Reading 2: The Coming of the Spaniards

In 1598, a Spanish expedition led by Don Juan de Oñate entered New Mexico to establish a permanent colony. Three major battles between the Spanish and Pueblo Indians occurred between 1599 and 1601. When the Spanish soldiers finally established control they declared their intention to Christianize the Indians and demanded supplies and other support for their missionaries. Oñate collected tribute from the villagers of Gran Quivira and demanded their allegiance to the Spanish King. In the early 1600s, another Spanish expedition entered the region, this time from the south. These Spaniards named the Gran Quivira community "Pueblo de Las Humanas," and called the people who lived there "Rayados," meaning "Indians with striped faces." Many pictographs (rock paintings) in this region depict faces with stripes over the nose, a practice characteristic of Plains Indians.

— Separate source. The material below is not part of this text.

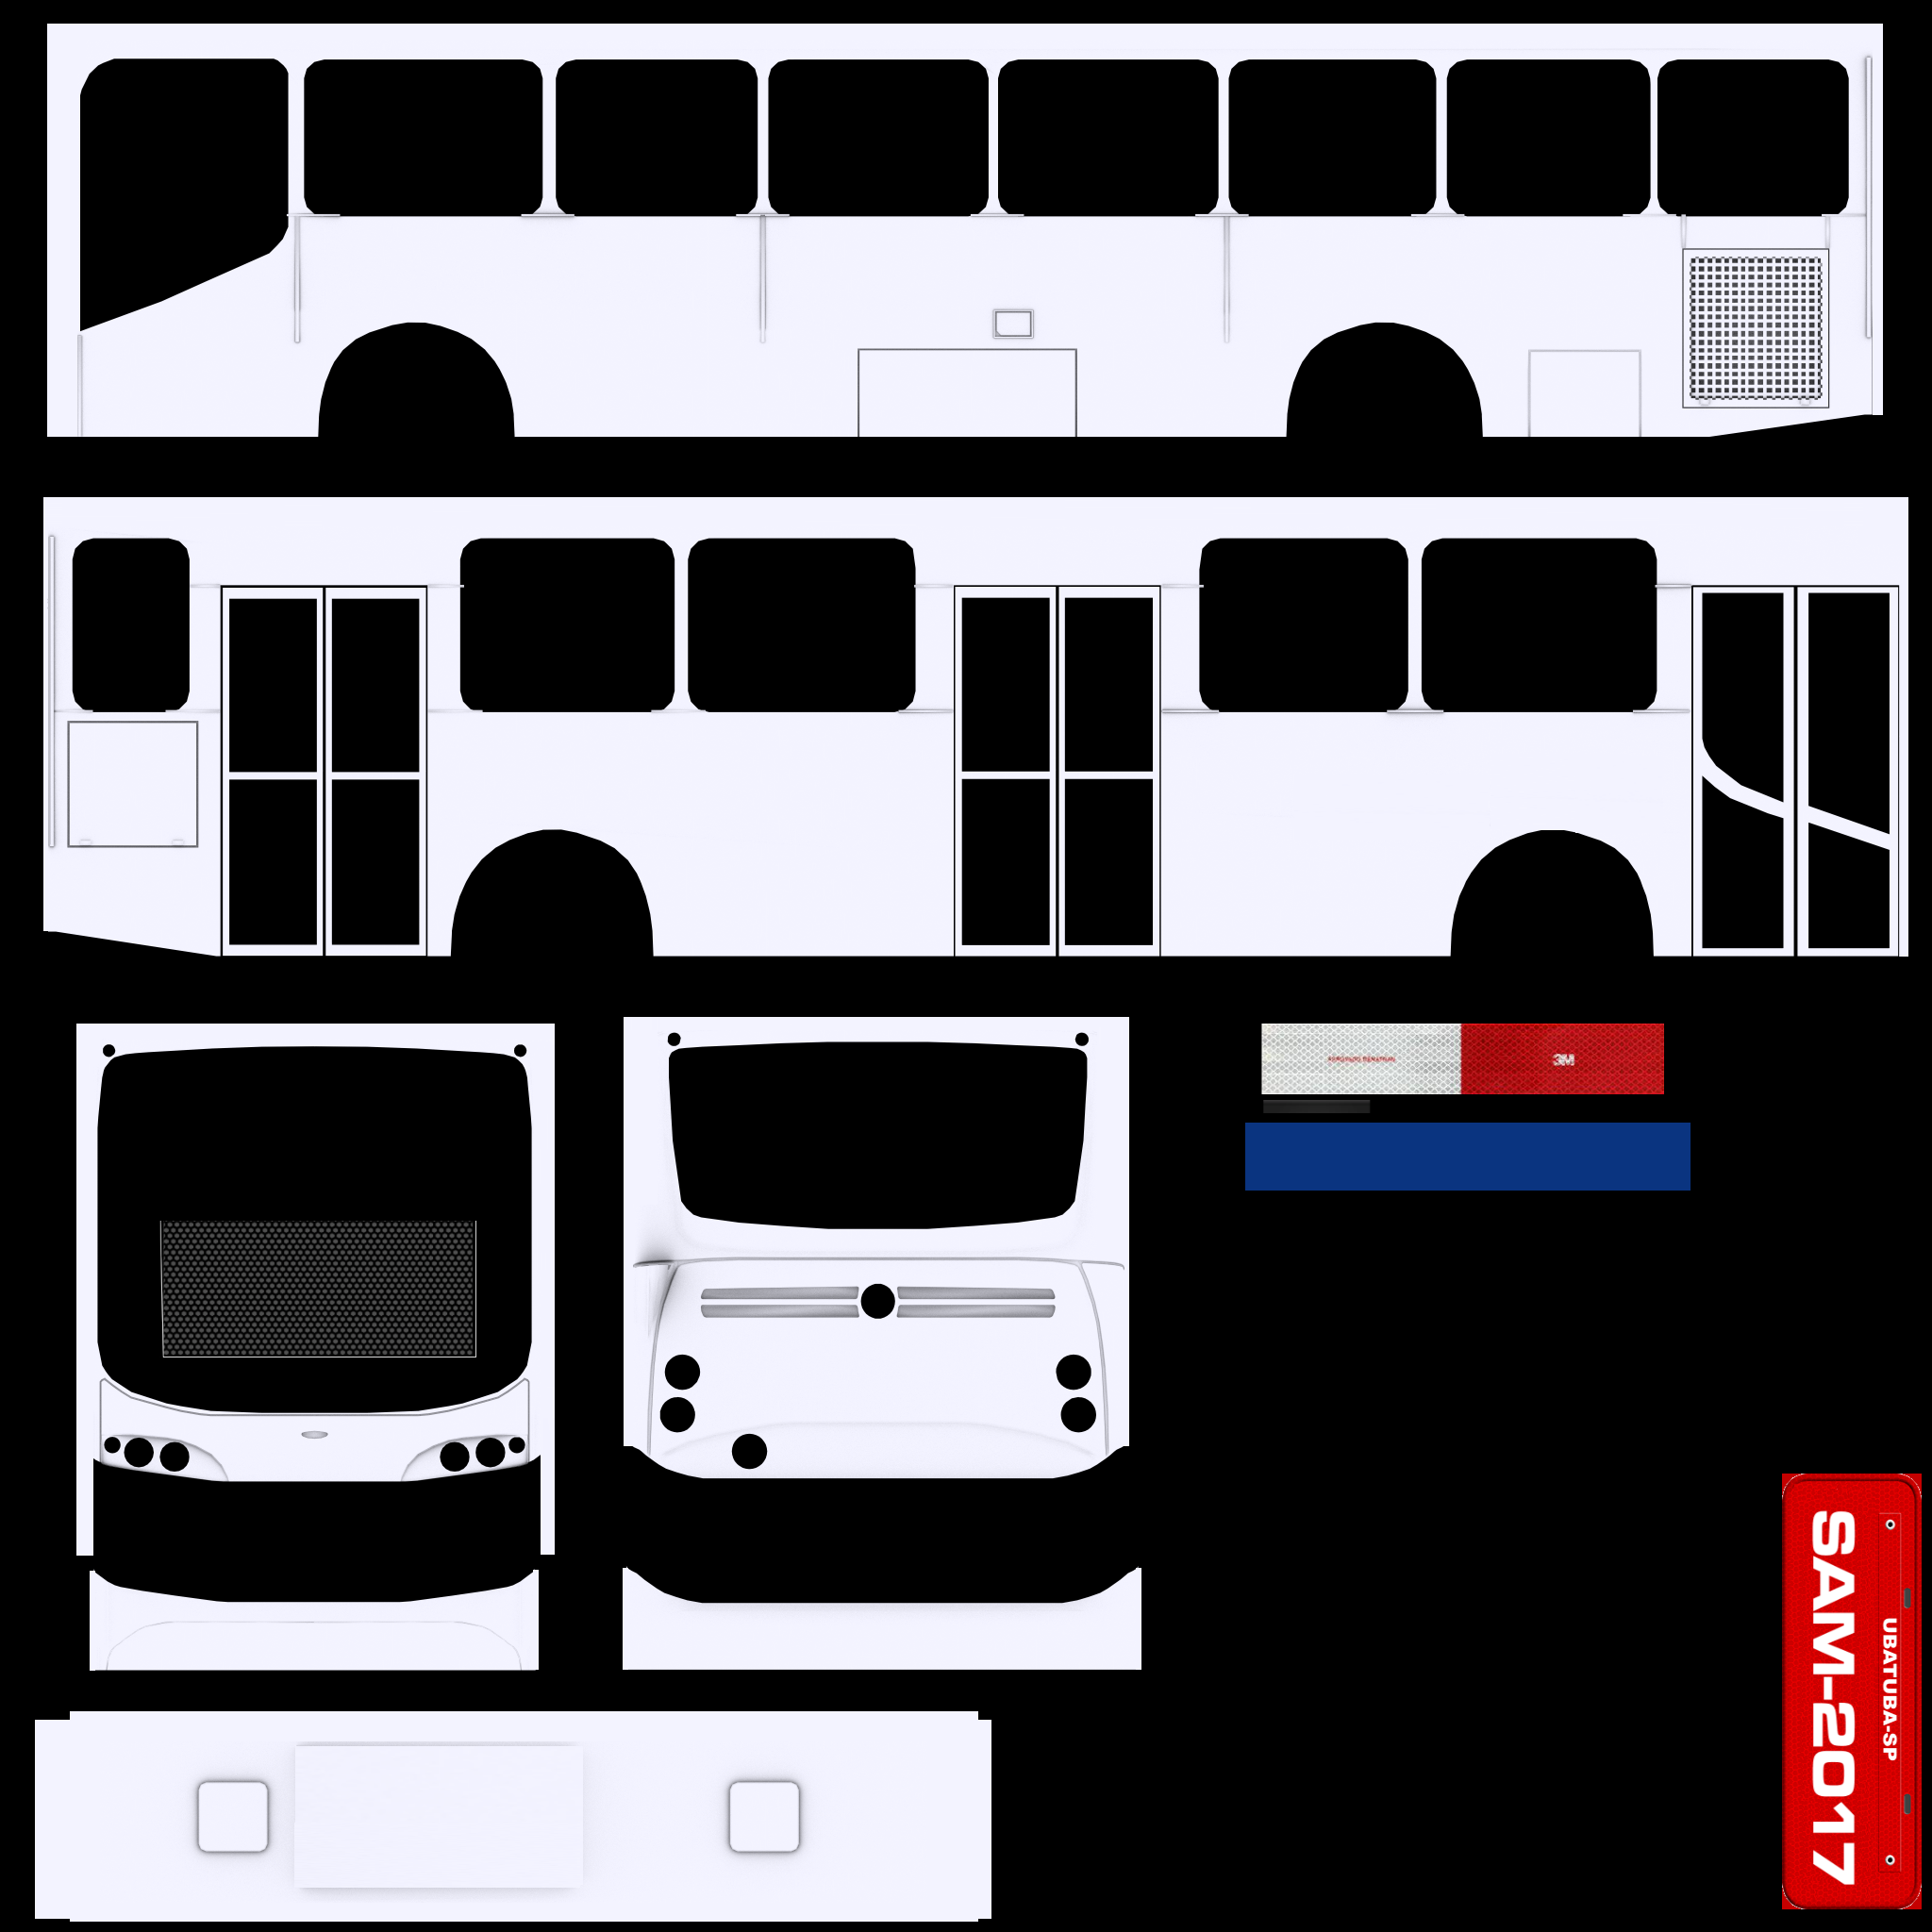 MiBRTS, Wiki Proton Bus
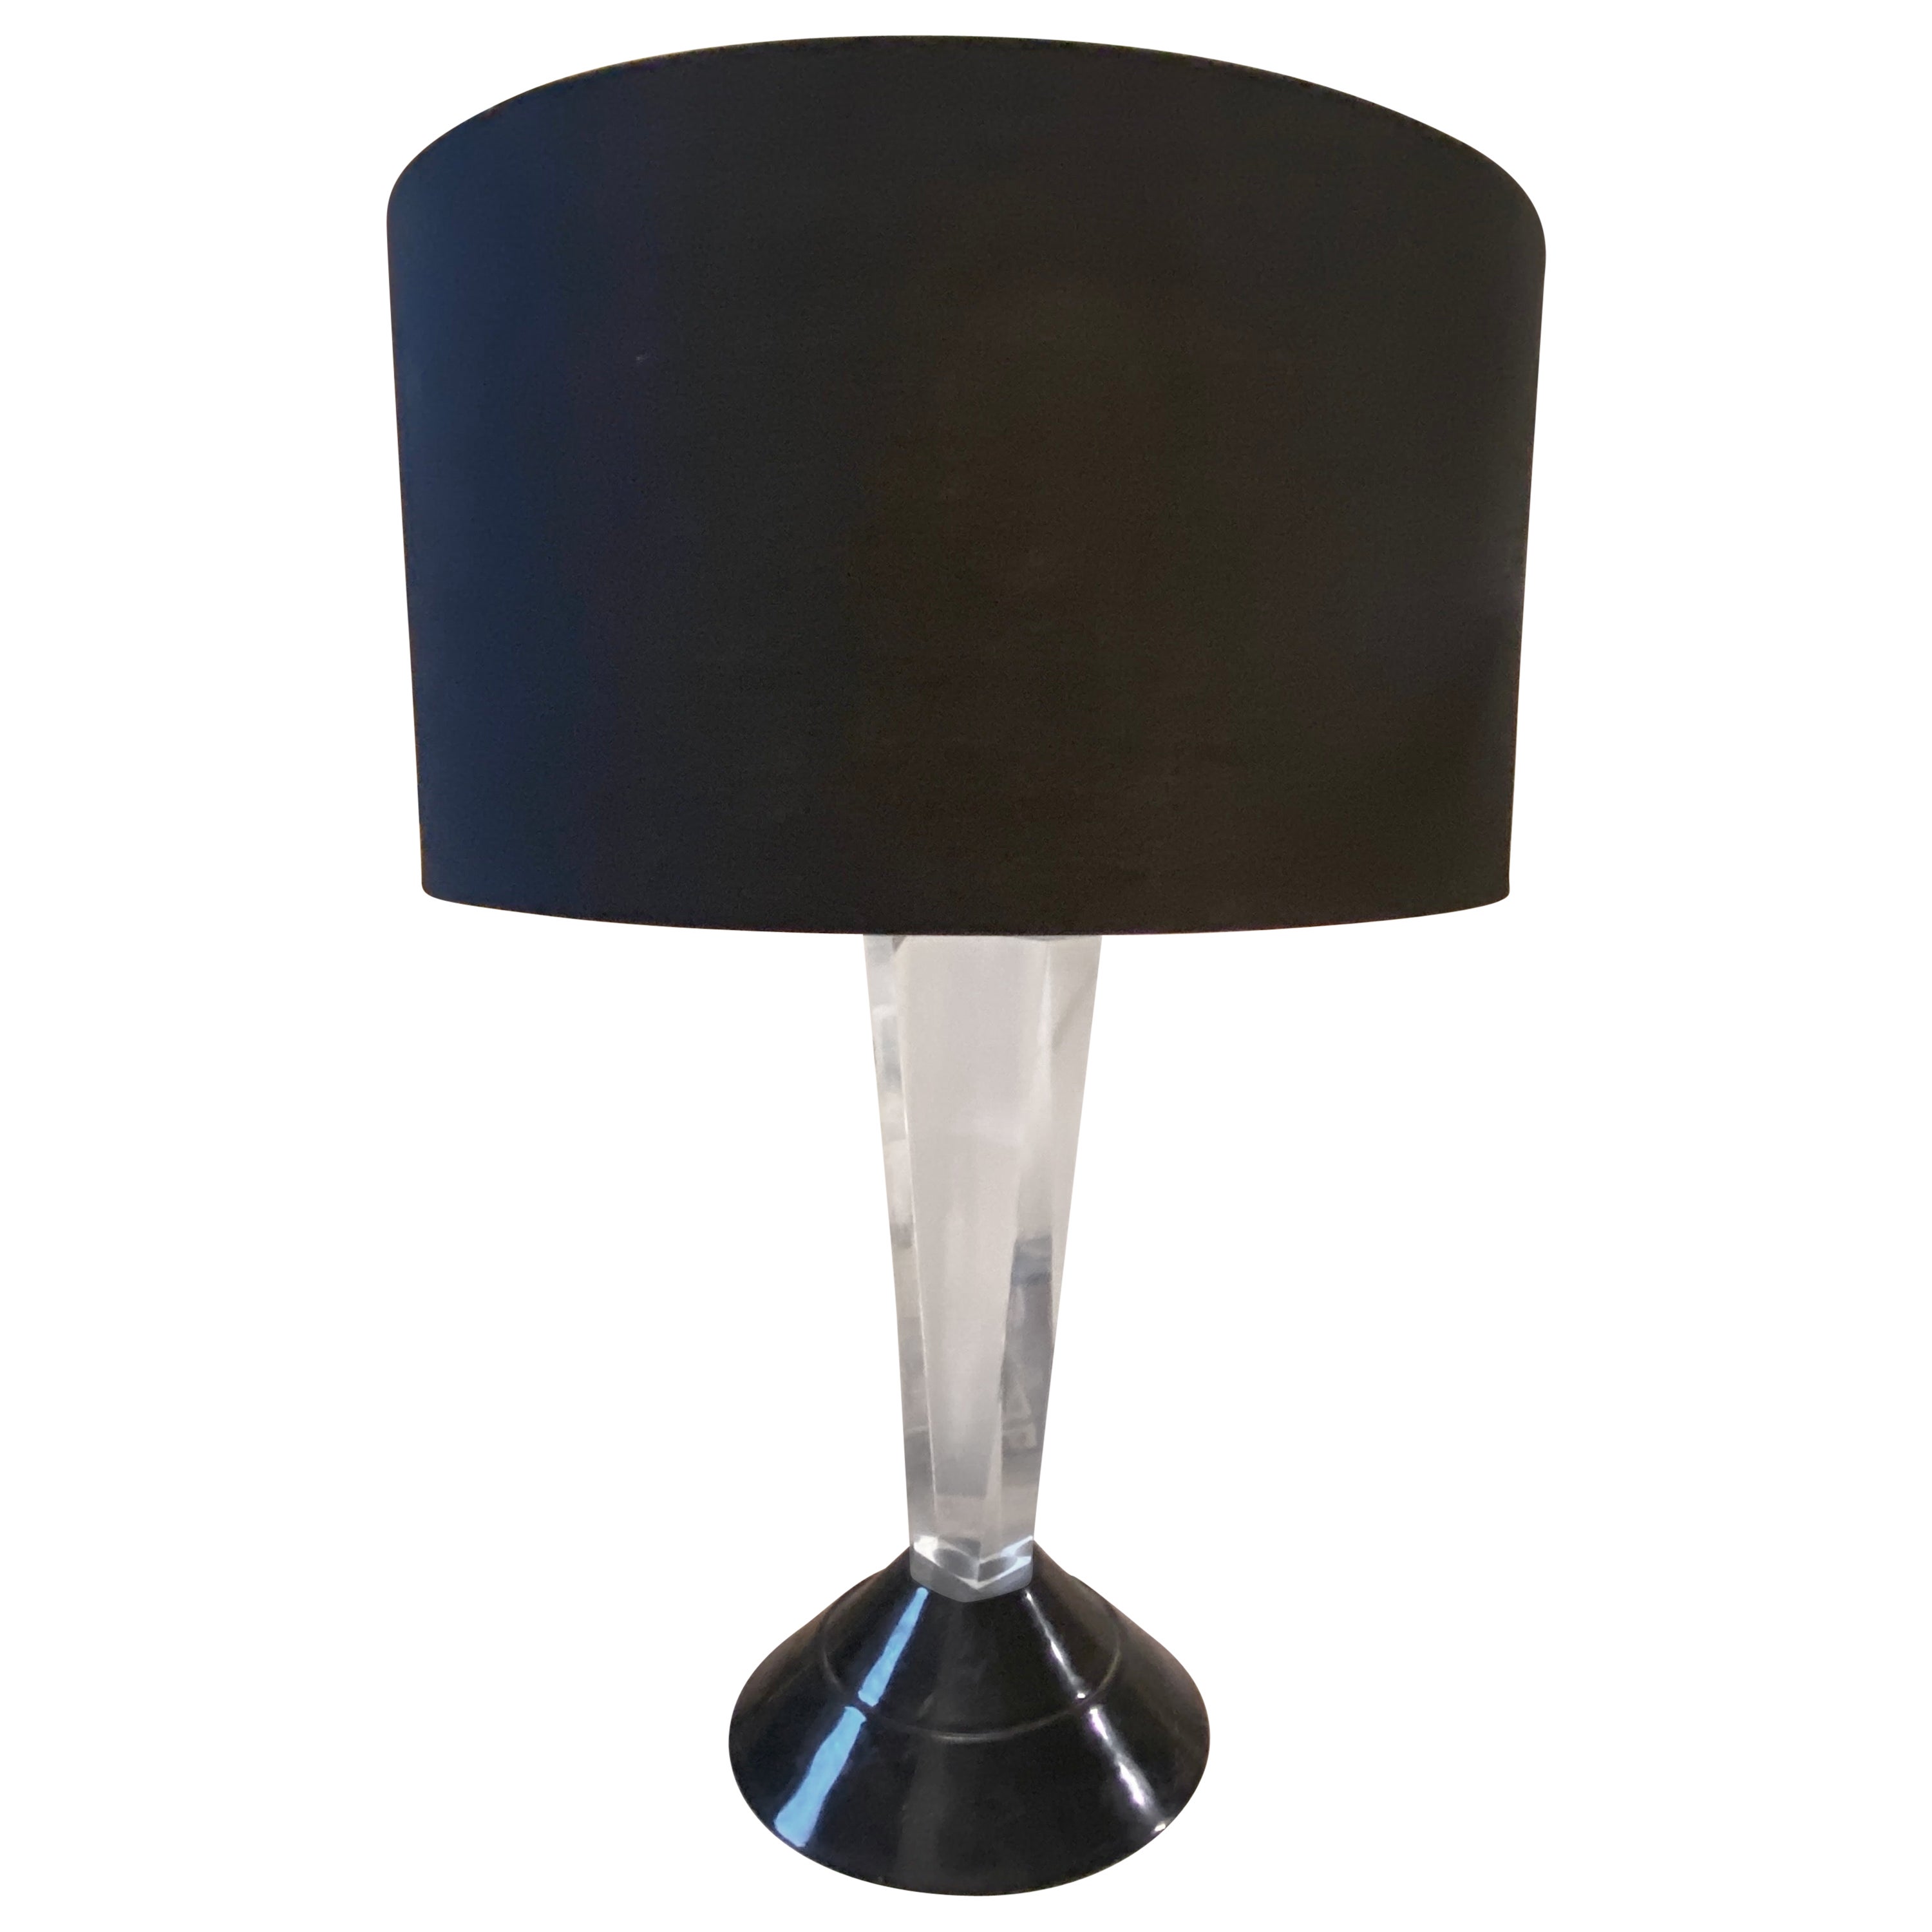 Lampe de table italienne de style Memphis Milano des années 1980, en lucite noire et transparente

The Spanish did not inhabit the village until 1627, when a Franciscan priest named Fray Alonso de Benavides arrived to introduce the Christian religion. Soon thereafter Fray Francisco Letrado became the first resident priest at Las Humanas. With Indians as laborers, Fray Letrado quickly began constructing the first permanent church. But within two years he requested a transfer to serve in a more remote area. The next resident priest, Fray Diego de Santander, did not arrive until 1659. In the interim, Las Humanas became a visita or preaching station serviced by Abo, located 25 miles to the north. Frequently, the Abó priest and choir traveled seven hours to Las Humanas to lead mass and tend to the religious needs of the converted Christians.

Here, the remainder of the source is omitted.